Action item - No pictures, please. Output the lines from the start of the data through the line that contains "Tom Dixon Bestill", both included, exactly as they stand.

Supplied data -
★ ★ ★ ★ ★

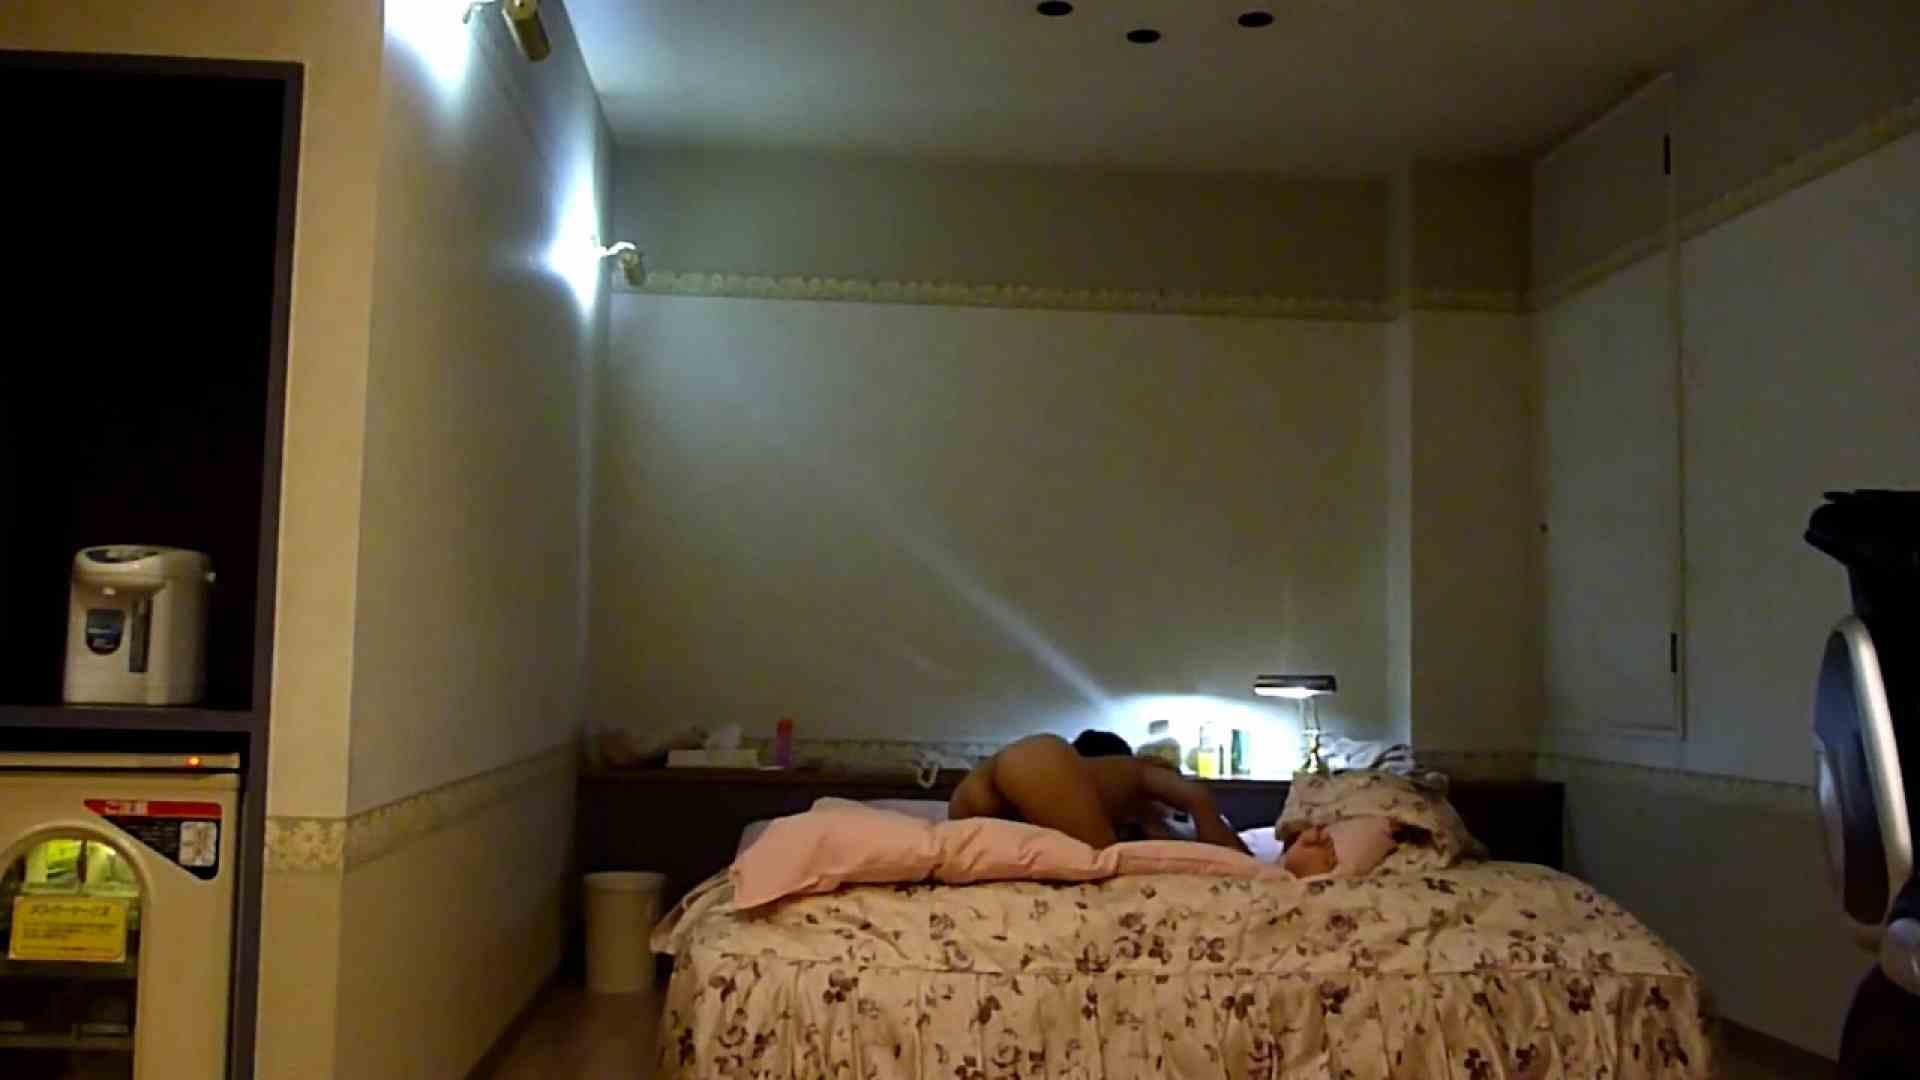 【完全素人投稿】誰にしようか!?やりチン健太の本日もデリ嬢いただきま~す!!12 投稿 セックス無修正動画無料 106pic 62
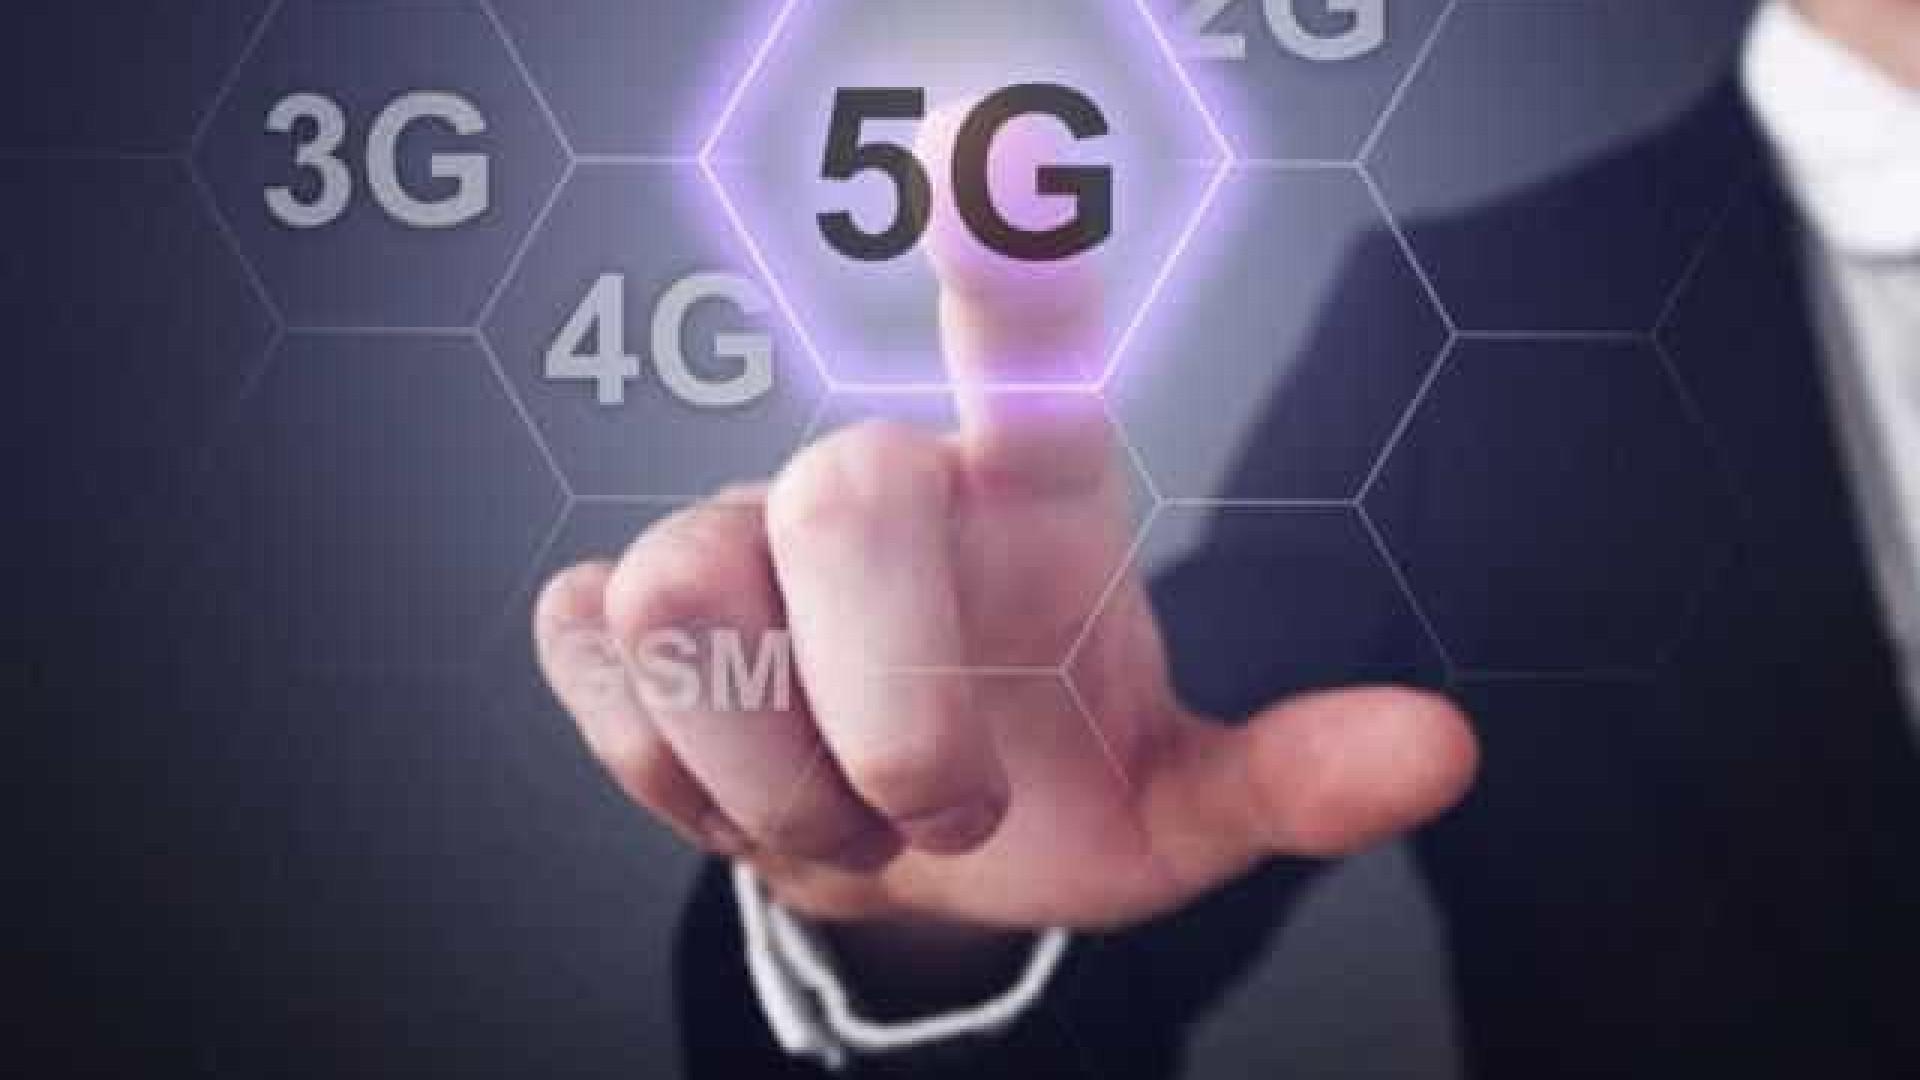 Pesquisa: 96% das empresas de tecnologia planejam alavancar 5G
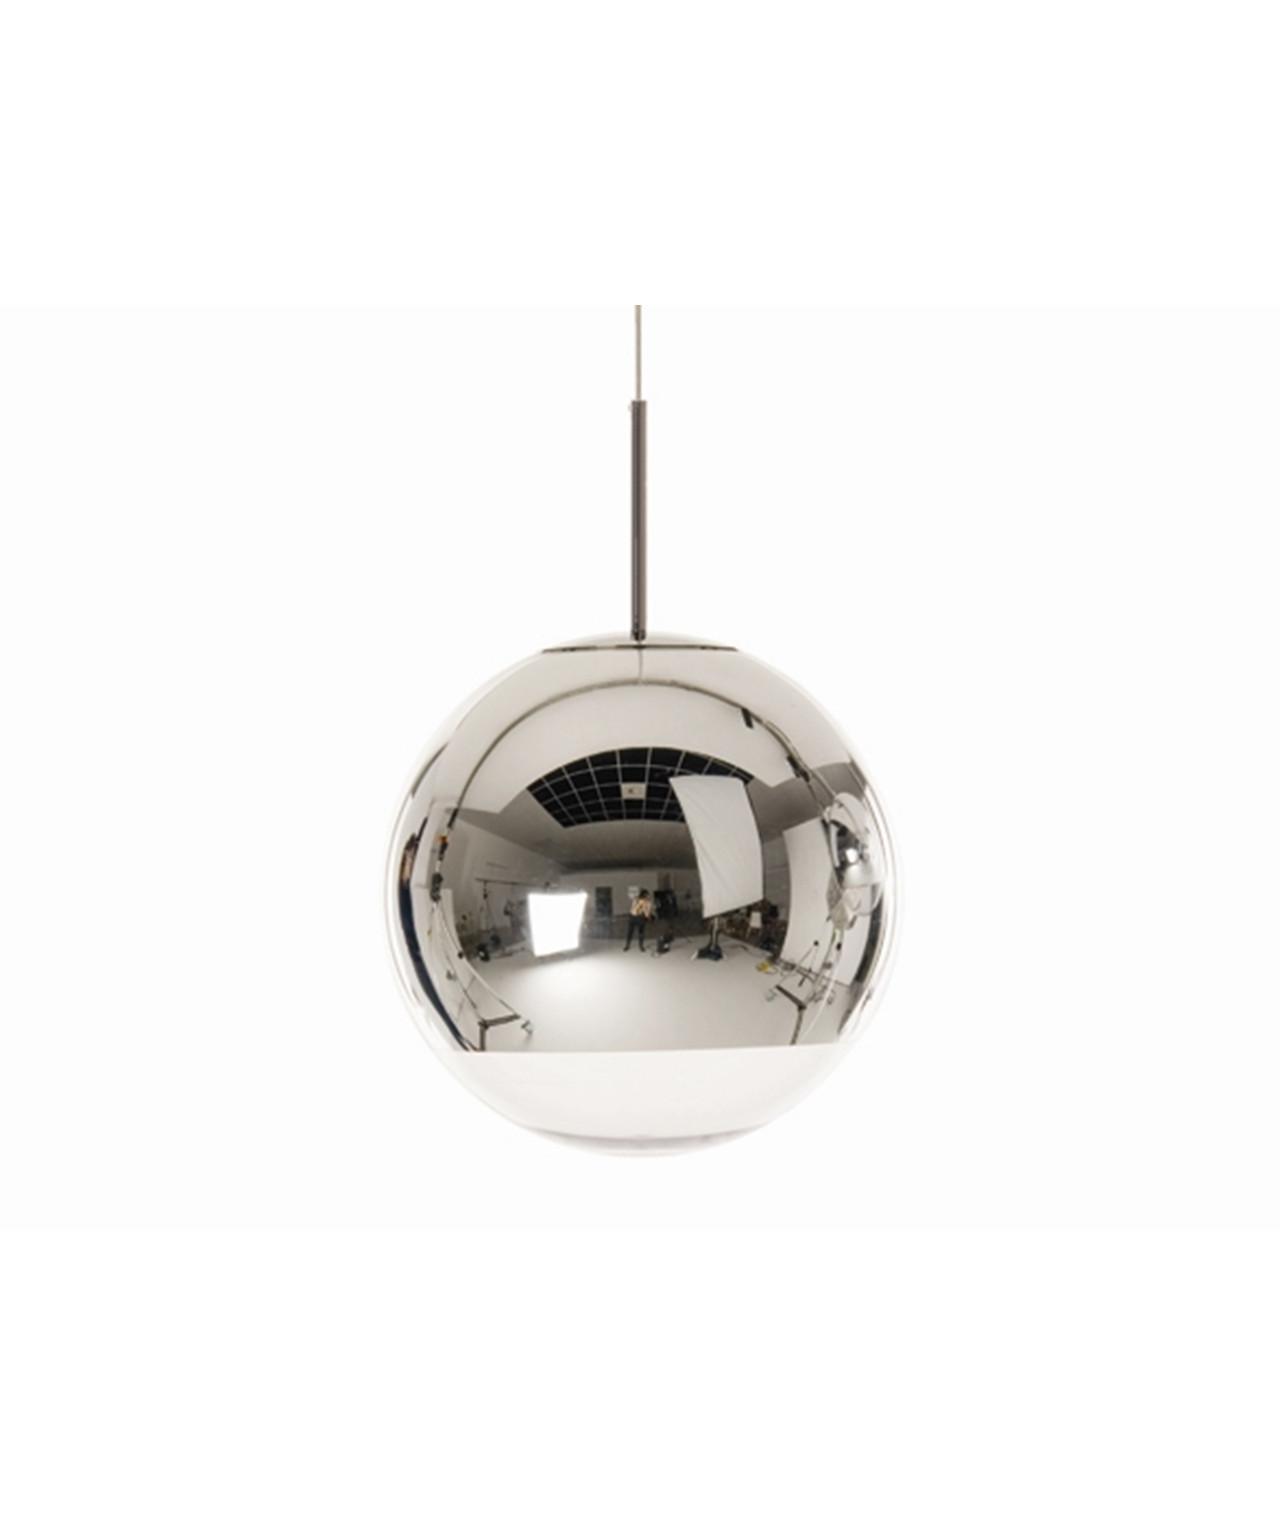 Tom Dixon Bestill Designlamper Fra Tom Dixon 100 Dagers Returrett
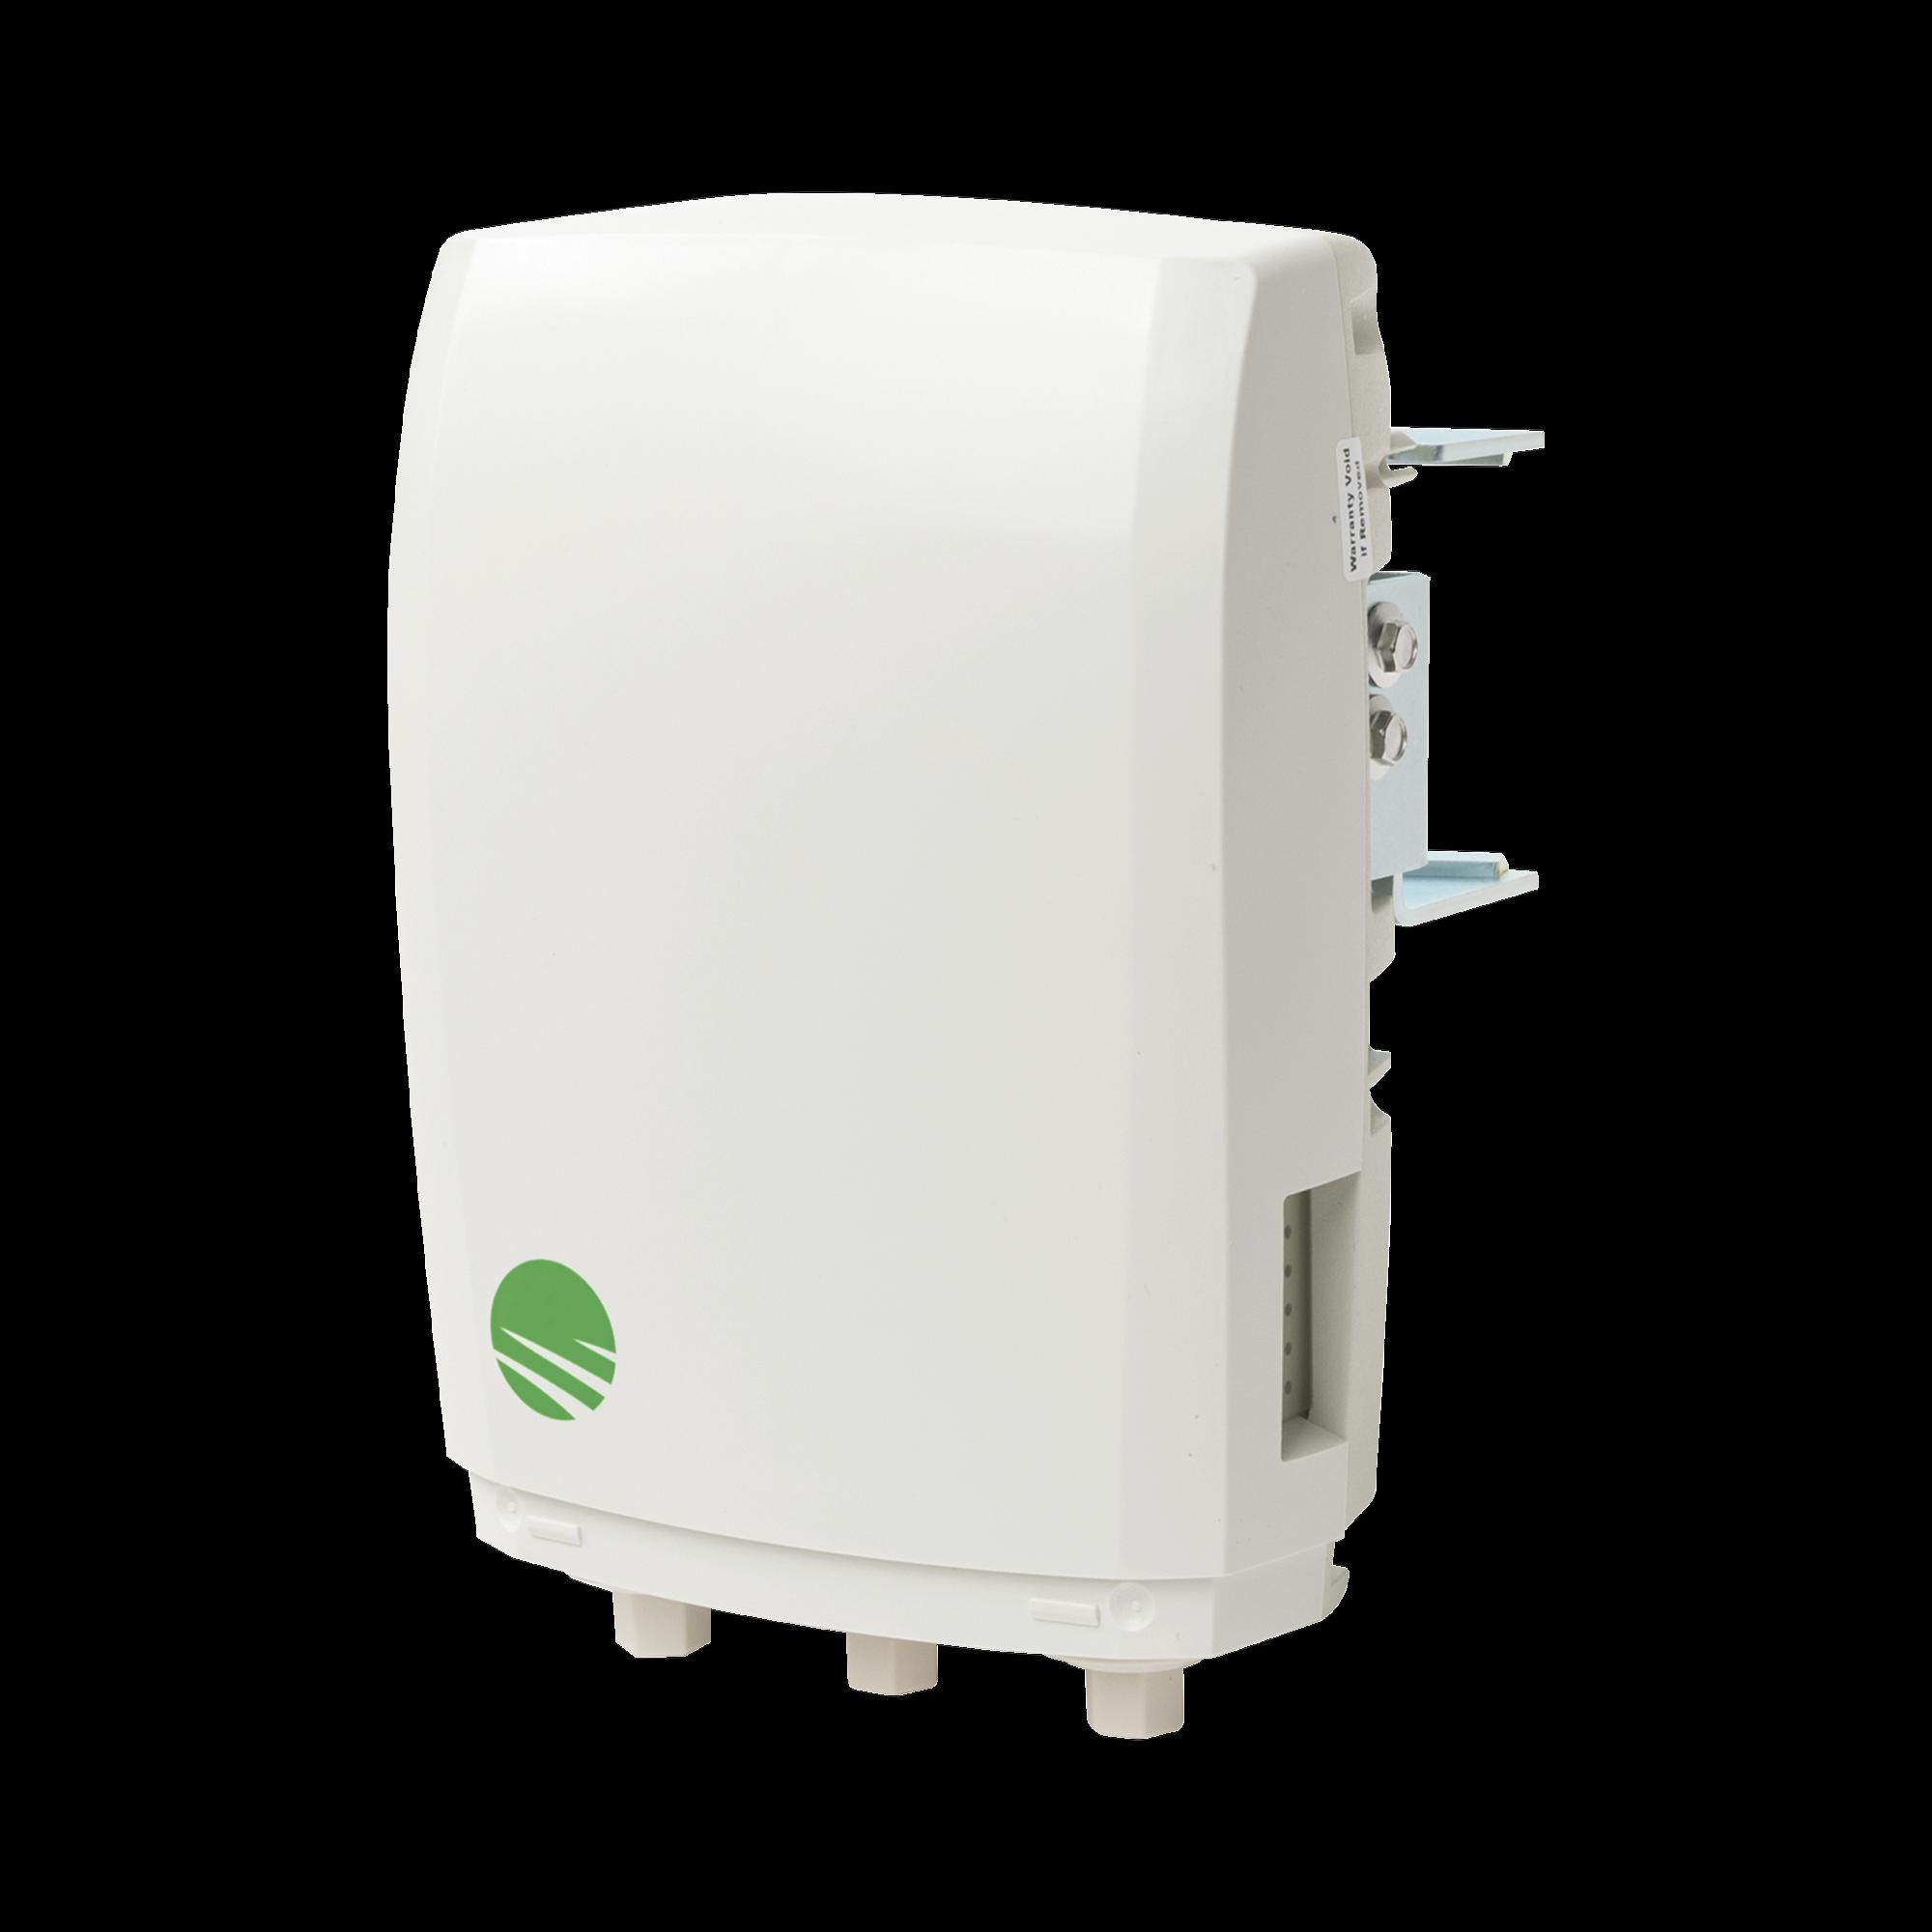 Unidad Base Multihaul BU?, 90?, 500Mbps actualizables a 1800Mbps, 2 puertos RJ-45 & 1 SFP (Salida PoE habilitada en 1 puerto), Montaje e inyector PoE incluidos, IP65, Color Blanco

★ ★ ★ ★ ★

Task solution -
 【完全素人投稿】誰にしようか!?やりチン健太の本日もデリ嬢いただきま~す!!12 投稿 セックス無修正動画無料 106pic 62
 Pesquisa: 96% das empresas de tecnologia planejam alavancar 5G
 Tom Dixon Bestill Designlamper Fra Tom Dixon 100 Dagers Returrett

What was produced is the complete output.